If you zipped up your entire mysite
folder right now
and emailed it to me, I could unzip it and make another change to
index.html
and commit that change to my local copy on
disk. Let’s say I changed the line to say
<center>Cats are TERRIBLY cute.</center>
.
Now I have 9 files in my objects
folder. Three more
for the commit I just made, its tree and blob.
I want to share my changes with you. So I zip up the 3 object files you don’t have and email them to you.
Are you ready for this? You take my three object files and just
dump them into your objects
folder. You don’t
have to worry at all about overwriting anything, about
losing data, about screwing up your repository, because
we’ve already established that these file names are
completely unique. Wolves in the night, remember?
You’ve just manually performed a git fetch
,
which is the safest operation ever because it’s just
collecting someone else’s unique commit files and tossing
them into to your database.
In my email, I’ll say “My latest commit is
3bd54c
.” So you type “git checkout 3bd54c
" and boom you’re looking at my latest changes.
If we emailed back and forth a lot, I might want to add you as a
remote so that Git does the moving of files around for
me. And I might scribble down the latest commit hash that I got
from you in a file called origin/master
or something.
Sound familiar?
Mastery
For me, understanding the structure of the object database was my Eureka moment for Git. After that, I could start to understand not just how Git worked, but why.

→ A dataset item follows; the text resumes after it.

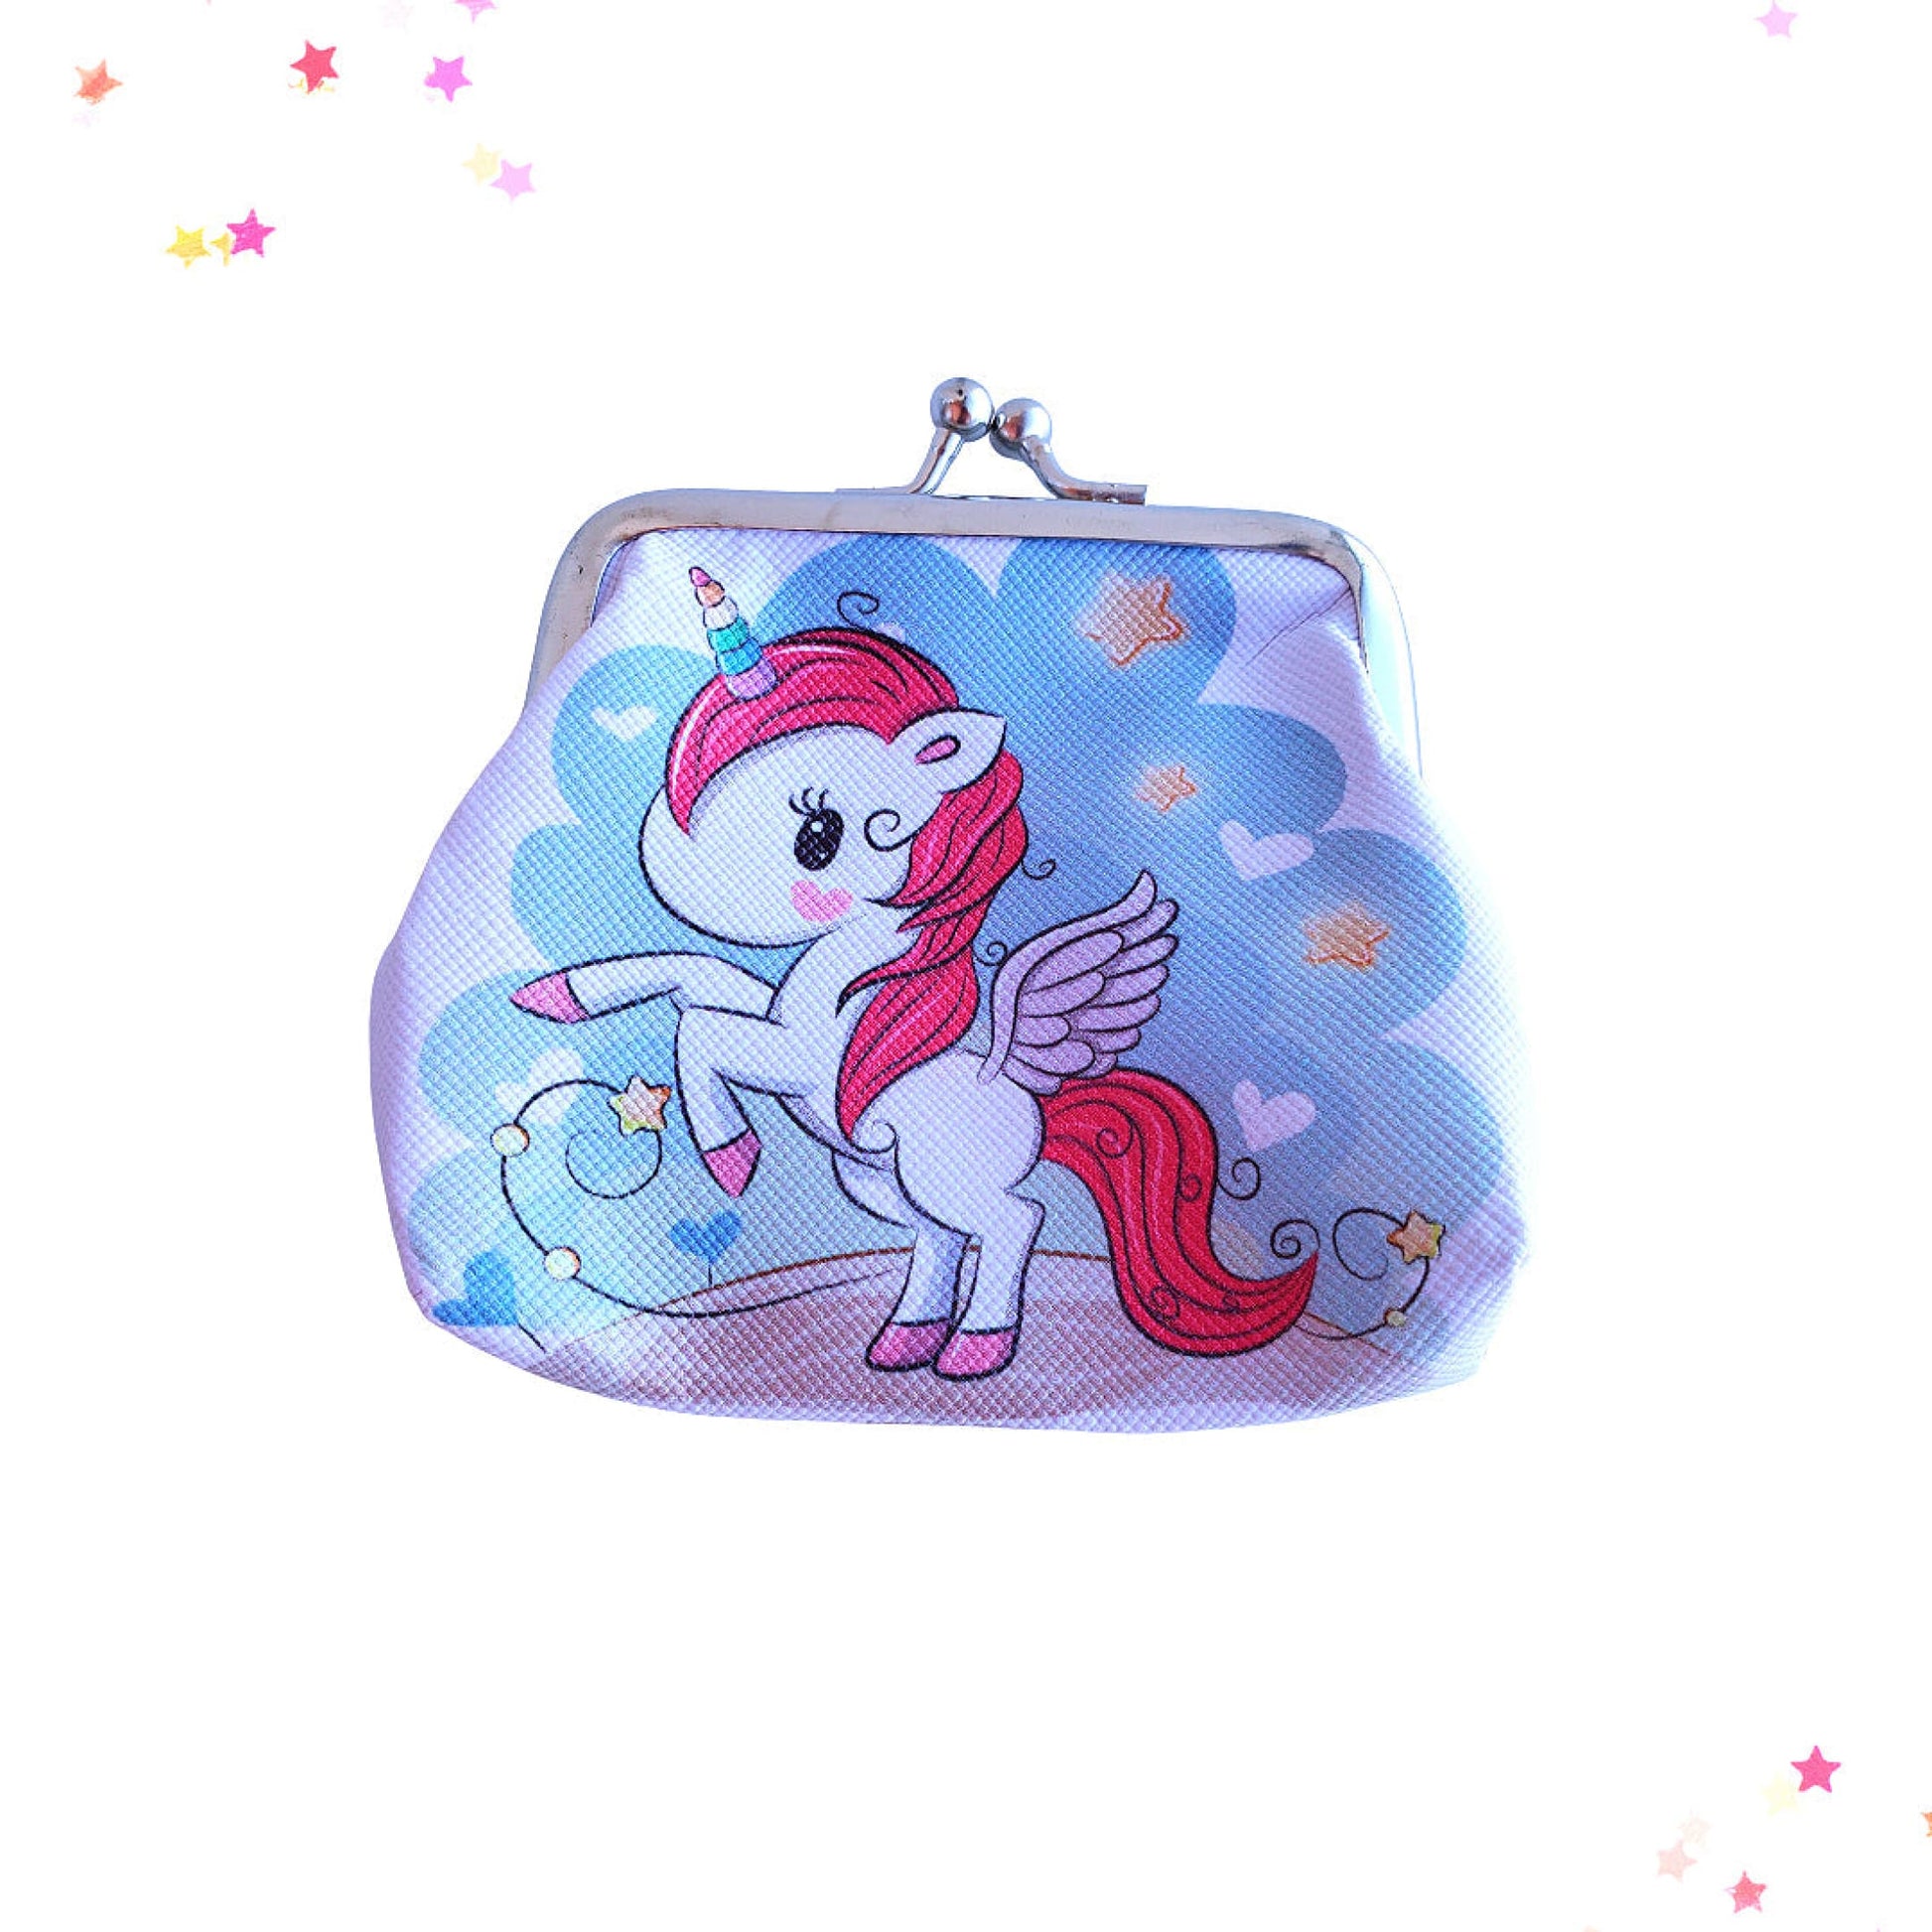 Easy-Open Unicorn Coin Purse in Solo from Confetti Kitty, Only 4.99

The best way to get yourself out of a Git disaster scenario is to understand what Git is trying to do for you.
And when you understand how Git works, your Google Power will
increase tenfold. How did I know to type “git checkout -- .
”? Well I just looked online until I found a command that
sounded like it did what I would do myself if I had to
write some code to poke around the object database.
There’s a lot more to grok about Git from here. Merging, rebasing, and staging come to mind. But it’s not so hard now; it’s all just a bunch of fancy shell scripts anyway.